Prompt caching (Anthropic)

What this page covers

Prompt caching lets Anthropic keep a prefix of your prompt (system message, tool definitions) in cache for ~5 minutes and serve it on subsequent calls at a fraction of the normal token cost — typically ~10% of the normal input rate for cache reads.
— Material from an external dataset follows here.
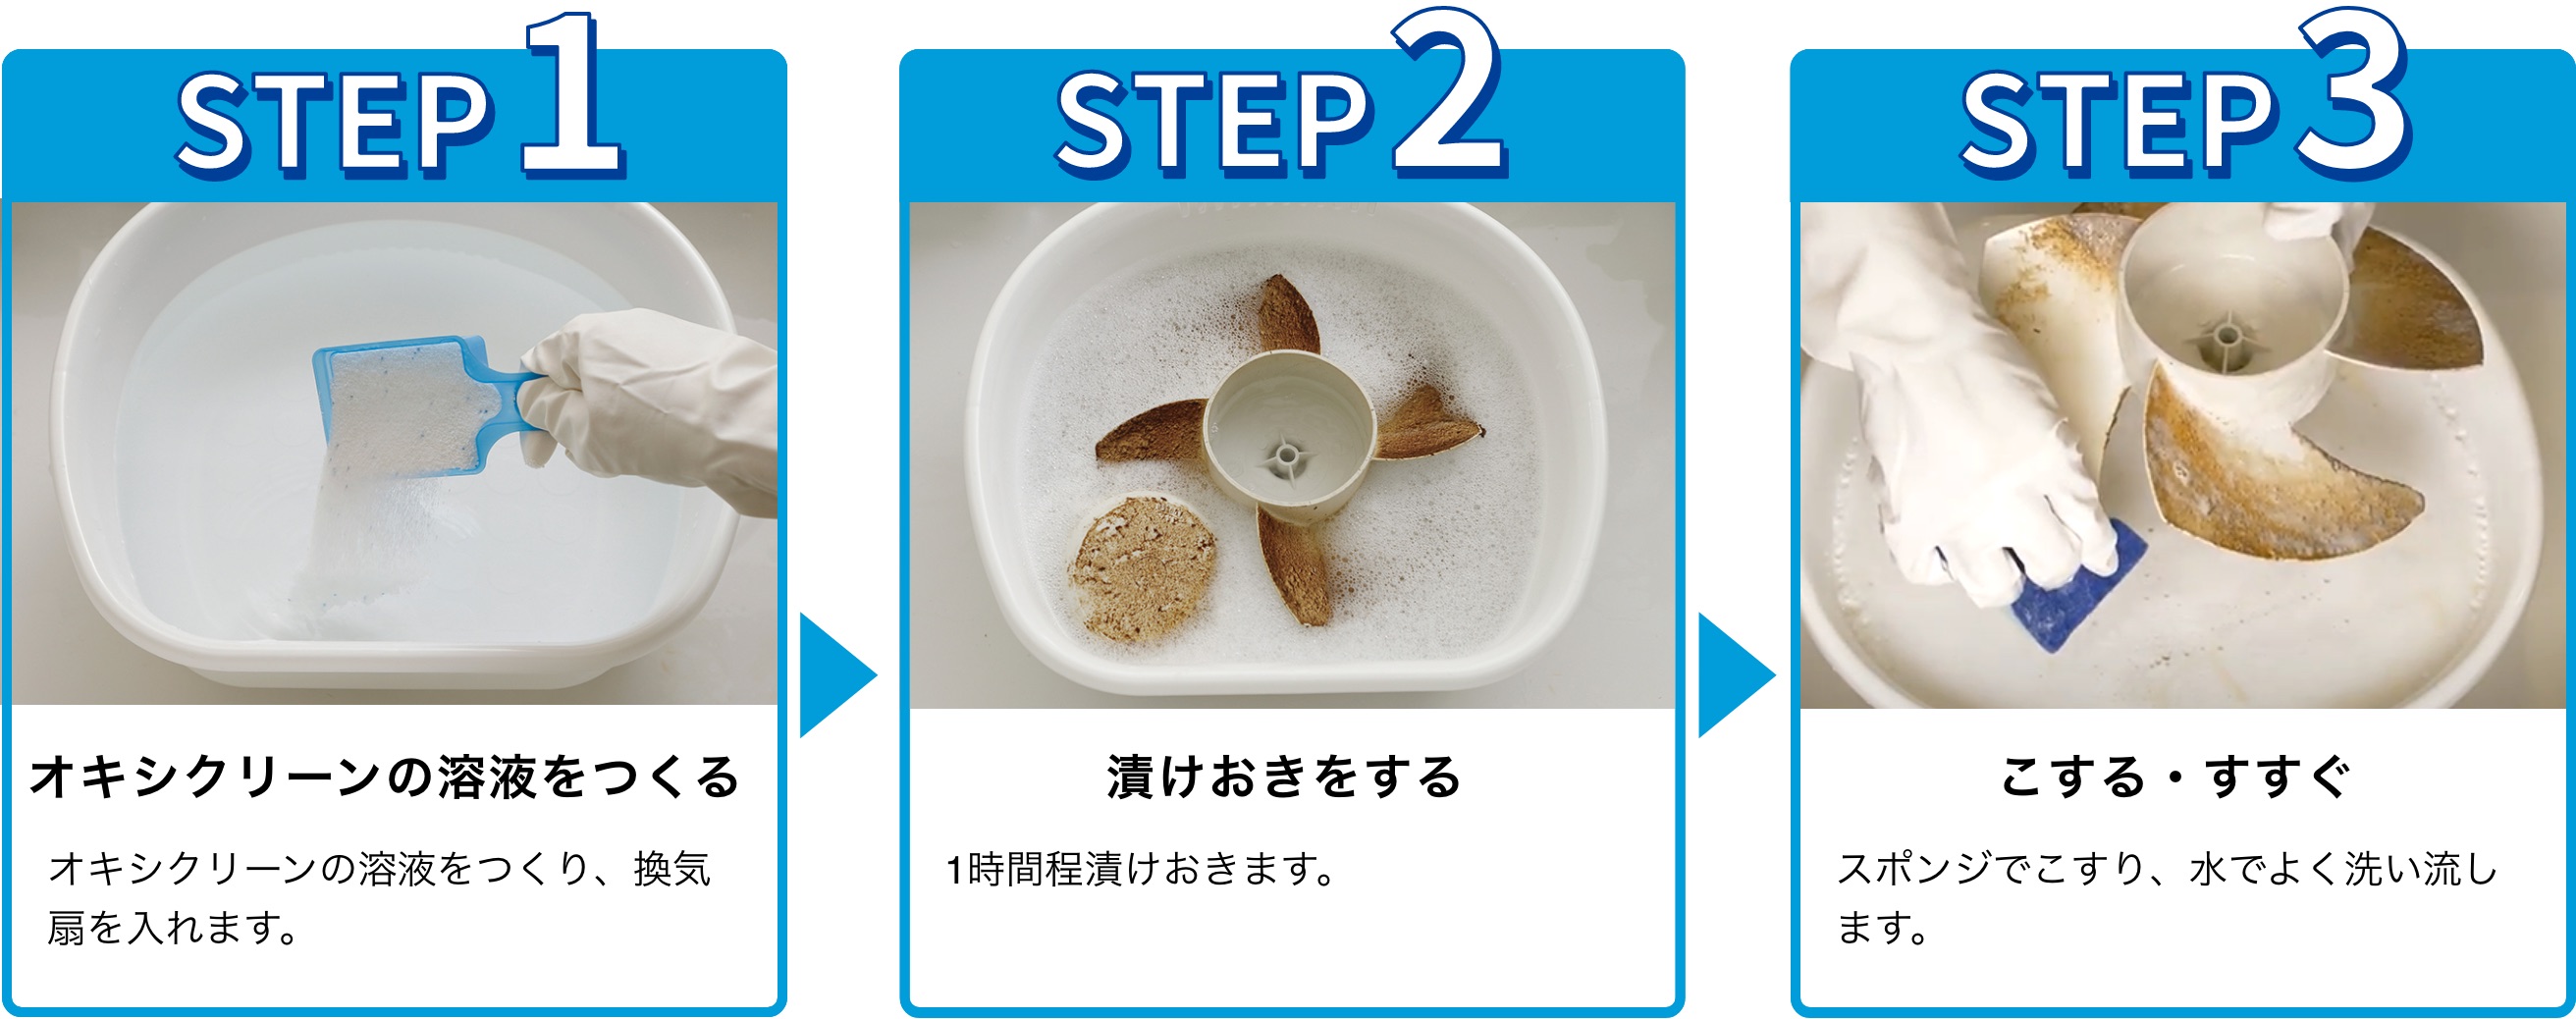 使用手順：1.オキシクリーン溶液をつくる。オキシクリーン溶液をつくり、換気扇を入れます。 2.漬けおきをする。漬けおきをする。3.こする・すすぐ。スポンジでこすり、水でよく洗い流します。

NucleusIQ exposes this through two simple knobs on AnthropicLLMParams — cache_system=True and cache_tools=True — and surfaces the cache effect on every LLMCallRecord via cache_read_input_tokens / cache_creation_input_tokens.

When to use it

Prompt caching pays off whenever the same prefix is sent multiple times within a 5-minute window:

🔁 Agents with long system prompts that run multiple tasks in a session.
🧰 Tool-heavy agents with large tool catalogs (think MCP-style adapters).
📚 Document-grounded agents that prepend the same source corpus / schema to every call.

Floor: ~1024 tokens

Anthropic only caches prefixes of ≥ 1024 prompt tokens. Anything shorter is served from the normal path without billing benefit.

How to enable it

from nucleusiq_anthropic import AnthropicLLMParams, BaseAnthropic

llm = BaseAnthropic(
    model_name="claude-sonnet-4-5-20250929",
    async_mode=True,
    llm_params=AnthropicLLMParams(
        cache_system=True,   # add cache_control to the system prompt
        cache_tools=True,    # add cache_control to the LAST tool definition
    ),
)

Under the hood, NucleusIQ:

Promotes a plain-string system prompt into a block list and attaches cache_control: {"type": "ephemeral"}.
Adds cache_control: {"type": "ephemeral"} to the last tool definition when cache_tools=True (Anthropic caches everything up to the marked block).
Strips the private _cache_system / _cache_tools keys before reaching the SDK's messages.create.

Reading the cache effect

With enable_tracing=True, every LLMCallRecord exposes the cache split:

for rec in result.llm_calls:
    print(
        f"round={rec.round}  prompt={rec.prompt_tokens:>5} "
        f"cache_read={rec.cache_read_input_tokens:>5} "
        f"cache_create={rec.cache_creation_input_tokens:>5} "
        f"stop_reason={rec.stop_reason}"
    )

Typical pattern across two calls with cache_system=True:

Call	`prompt_tokens`	`cache_creation_input_tokens`	`cache_read_input_tokens`
1 (cache miss / create)	1 851	1 830	0
2 (cache hit)	1 851	0	1 830

→ on call 2, ~99% of the prompt is billed at the cache-read rate.

Live demo

examples/agents/11_anthropic_prompt_caching.py in the monorepo runs exactly this pattern with a 9 780-character system prompt and prints the per-call cache token split. Verified live against claude-sonnet-4-5-20250929 during the v0.7.12 release.

Live integration test

@pytest.mark.asyncio
async def test_live_prompt_caching_reads_cache_on_second_call() -> None:
    llm = BaseAnthropic(
        model_name="claude-sonnet-4-5-20250929",
        async_mode=True,
        llm_params=AnthropicLLMParams(cache_system=True),
    )
    r1 = await llm.call(..., messages=[...long system + q1...])
    r2 = await llm.call(..., messages=[...long system + q2...])
    assert (
        r1.usage.cache_creation_input_tokens
        + r2.usage.cache_creation_input_tokens
        + r1.usage.cache_read_input_tokens
        + r2.usage.cache_read_input_tokens
    ) > 0

Lives at src/providers/llms/anthropic/tests/integration/test_anthropic_phase_b_live.py::test_live_prompt_caching_reads_cache_on_second_call.

Caveats

Cache TTL is short

Anthropic's cache TTL is ~5 minutes from the last access. Cache hits across longer-lived sessions need a heartbeat / keep-warm strategy.

Cache key includes everything before the breakpoint

Changing any token in the system prompt or any tool definition before the cache_control marker invalidates the cache. Sort your tool catalog deterministically before passing it to the agent so that re-ordering doesn't bust the cache.